Опрокину на скамейку,
Рассеку наполовину!
Ударяю с маху — палка пополам,
Наконец от страха отдых сердцу дам.
Слово «топор» было выведено не черной, а кроваво-красной краской, несколько капель краски были вытянуты вниз, будто это капает кровь.
Подполковник приказал мне подойти ближе и елейным голоском пригородного трактирщика произнес:
— Располагайтесь поудобнее, Рогге. Снимите фату, венок и все, что болтается у вас на шее. Снимите шинель, здесь у нас достаточно тепло. Как ваше горло? Рана уже затянулась?
— Еще кровоточит, господин подполковник.
— Печально. Расстегните ворот и садитесь вон там. Давайте устроимся поуютней. Вот так. Что я подполковник, вам известно так же, как и мне. Больше меня так не называйте. Понятно?
— Слушаюсь!
— Значит, так. Будем считать, что мы штатские. Чем вы занимались до военной службы?
— Торговал книгами.
— Ага.
Подполковник сделал мину, будто собирался распить со мной бутылку шампанского. Он указал большим пальцем на изречение над своей головой и спросил, экзаменуя: — Шиллер или Гете?
— Гете.
— Откуда?
— Кажется, «Кладоискатели».
— Нет, «Ученик чародея». Значит, продавцы книг тоже не все знают.

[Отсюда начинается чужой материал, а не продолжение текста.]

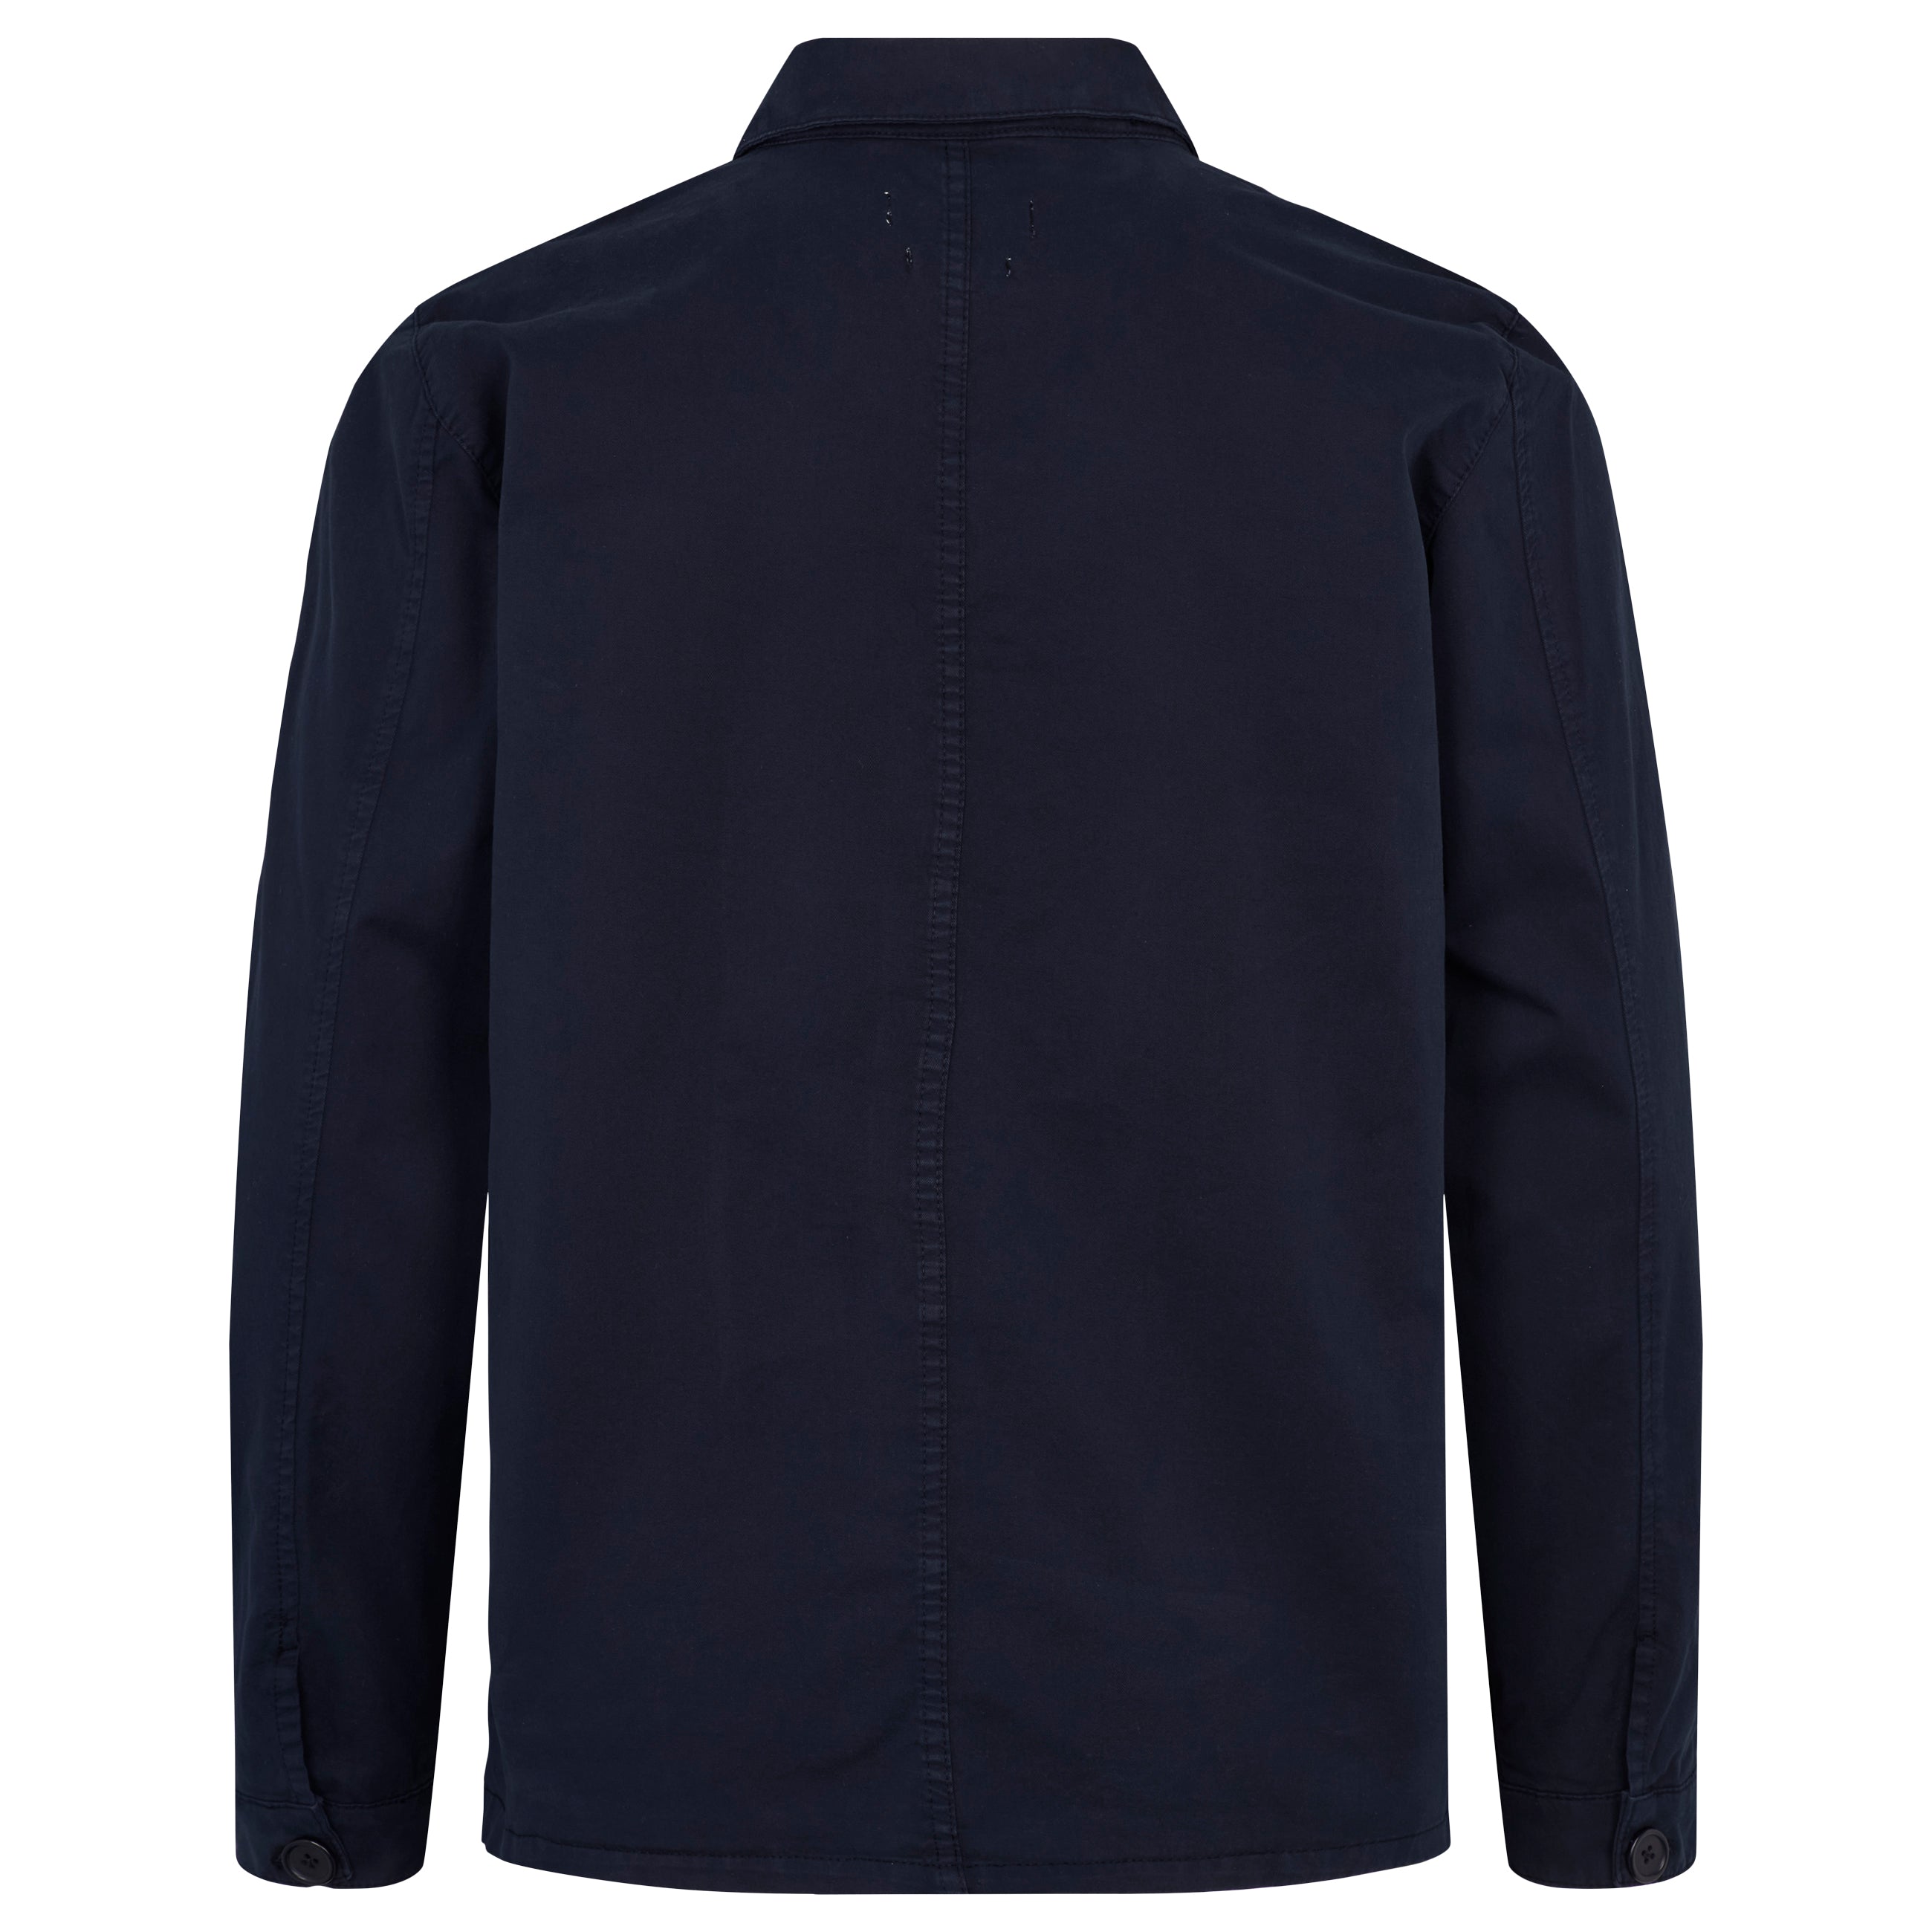 By Garment Makers The Organic Workwear Jacke GOTS Jacke 3096 Navy Blazer
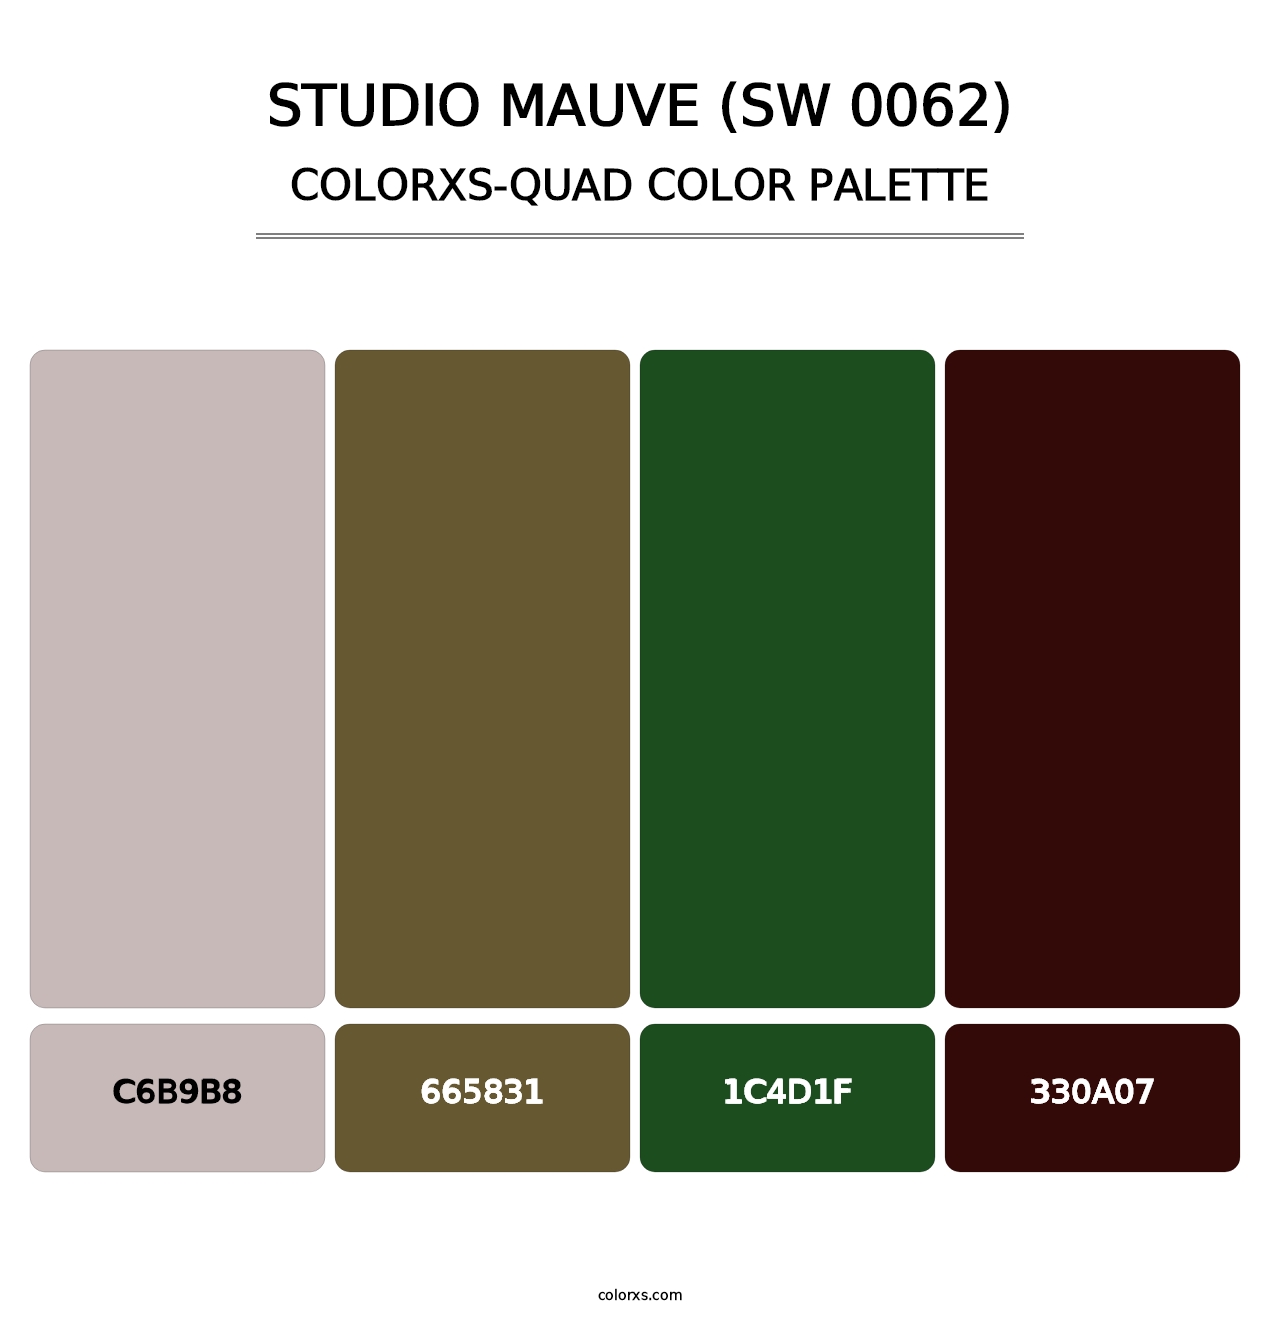 Studio Mauve (SW 0062) - Colorxs Quad Palette

Солдат-писарь с усиками а ля Гитлер записывал каждое слово. Он спросил начальство почтительным шепотом:
— Может быть, запишем сначала его данные?
— Пожалуй.
Писарь спросил у меня имя, год рождения, место жительства, семейное положение, чин и прочие данные. Затем переспросил:
— Рогге с двумя «г»?
— Ну, конечно же, Штельцер, — нетерпеливо вмешался подполковник. — Если бы он писался с одним «г», он произносился бы «Роге» и фамилия его происходила бы от слова «икра». А она, видимо, происходит от слова «рожь», «ржаной хлеб».
Я не возражал, но почему-то вспомнил польскую поговорку о сладком пироге и горьком хлебе.
Пока я не понимал, чего от меня добиваются. Вот только приветливость подполковника показалась мне весьма подозрительной.
Зазвонил телефон. Штельцер снял трубку и назвал себя. Затем передал ее подполковнику. Тот довольно долго слушал молча. Поблагодарив наконец и положив трубку, он сказал своему писарю:
— Запишите. Дело Милаша и Берндта. Приговор приведен в исполнение. Сегодняшним числом. На этом их дело можно закончить. И повернулся ко мне: — Ну, давайте еще кое-что вспомним. Как часто вы навещали унтер-офицера Венделя на складе снабжения?
— Ни разу. Я даже не знаю, где находится этот склад.
— Ах да, верно. Вы ведь выпивали с ним в какой-то столовой.
— Нет, ни в какой столовой я с ним не пил. Я не знаю здесь ни одной столовой.
— А разве вы не выпивали с ним, когда он приходил к вам? Мне кажется, на свете нет такого человека, который при случае не клюкнул бы.
— Нет, он никогда со мной не пил и даже никогда не приглашал меня выпить.
— Вы вели с ним продолжительные разговоры?
— Тоже не доводилось.
— Ну, а когда он приходил за оружием. Он подписывал вам эти квитанции, хоть и не всегда, не правда ли? Вы с ним о чем-нибудь разговаривали?
— Господин подполковник! Квитанции на подпись я давал ему всегда. Только однажды я ему без квитанции дал свою плащ-палатку. Но он мне ее вернул.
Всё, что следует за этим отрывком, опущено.